Your sincedb_path setting effectively disables the tracking of the current position. Drop it and you'll be fine.

What about "start_position", do I need to change it into "end"?

No. That option controls what happens when Logstash discovers a new file that matches the configured filename pattern.

If for the scenario that I have my initial json file which has 5 data items. So when I first import this file to ES, it is read from the beginning. Later on, my file is updated and there are 2 more data items added to the file. And I want to import this file again. Do I need to change my start_postion to "end" when the second importing with the updated file?

No, Logstash will pick up the two added items.

I am assuming that the items are added by appending to the original file. If the file is rewritten from scratch with a new inode number Logstash will lose track.

So the final version would be like this no matter if it is the first time ingesting or not, right?

input {
file {
path => "/Users/apple/Desktop/ref_client/events/event.log"
start_position => "beginning"
codec => json

Yes.

I tried this config, but the result seems there has duplicated data items.

Alright, my current situation is I commented off "sincedb_path" line and imported the file with the same name but updated version. I think the read position was messed up somehow. What I want to do is get rid of all previous operations and start a new ingesting with the feature of recording the last read position. I already deleted the previous data in ES, but I think for that specific file, the last read position was recorded somewhere cuz I ever commented off that line. So if I keep my config to achieve restarting from the beginning, it would not work since no new data come in. I am wondering if there is any way for me to restart everything then?

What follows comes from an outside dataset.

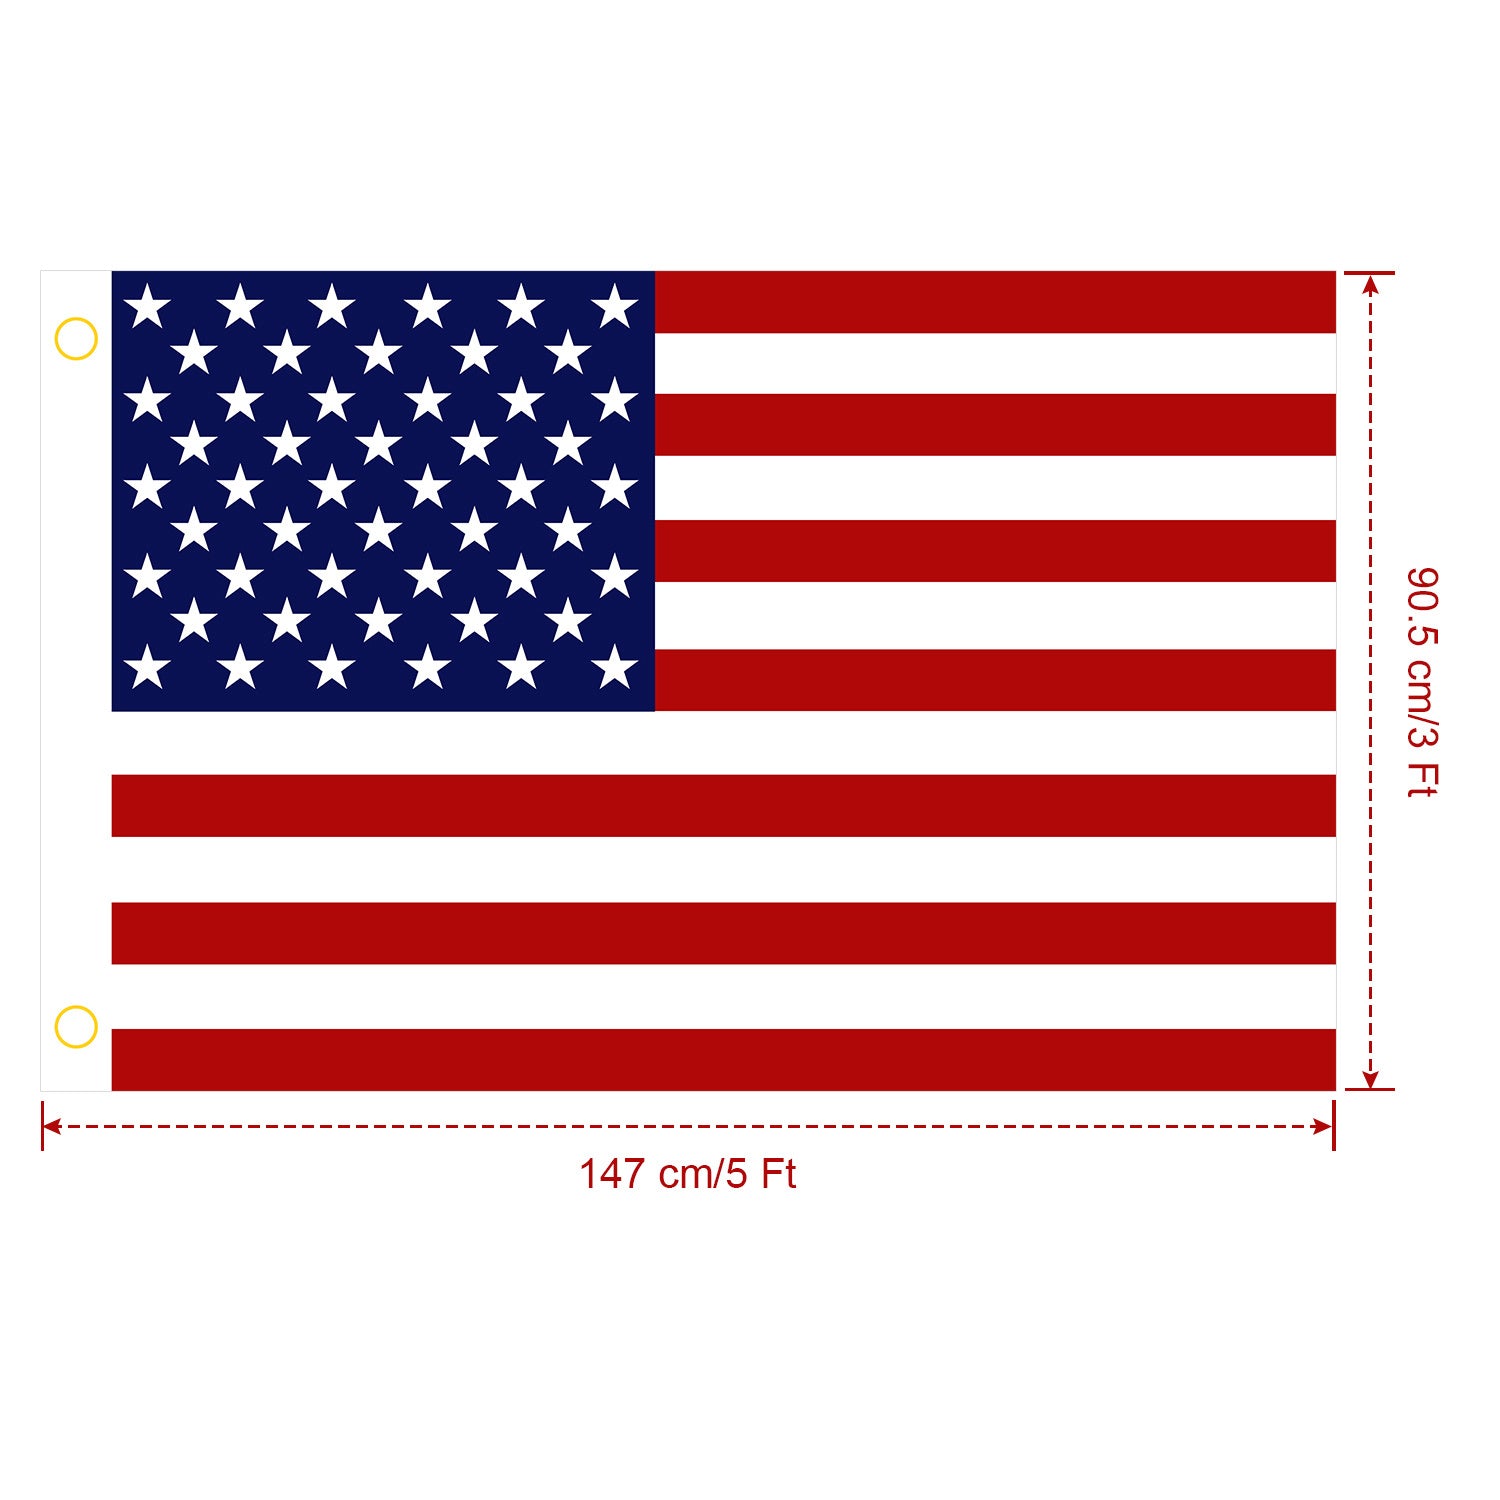 4 Pcs 3 x 5 Ft American US Flags Vivid Color and UV Fade Resistant Canvas Header Double Stitched Moorescarts

Delete the sincedb file(s) and you'll reset Logstash's idea of the current position in the file. I believe the file input documentation describes where those files are stored.

Thanks.
Btw, is it possible for me to create my own empty txt file for sincedb_path file?

Maybe, I'm not sure how picky the code is. Why would you want to do that?

Idk either...

I just checked the document and go into the folder that is supposed to have the sincedb_path file. But nothing is there...I did not specify my own text file...

The default will write sincedb files to <path.data>/plugins/inputs/file NOTE: it must be a file path and not a directory path

Make sure you display hidden files (i.e. their names begin with a period). If you increase the logging verbosity Logstash will tell you the name of sincedb files used.

Yeah, it is hidden in that folder. Thank you so much!!

This topic was automatically closed 28 days after the last reply. New replies are no longer allowed.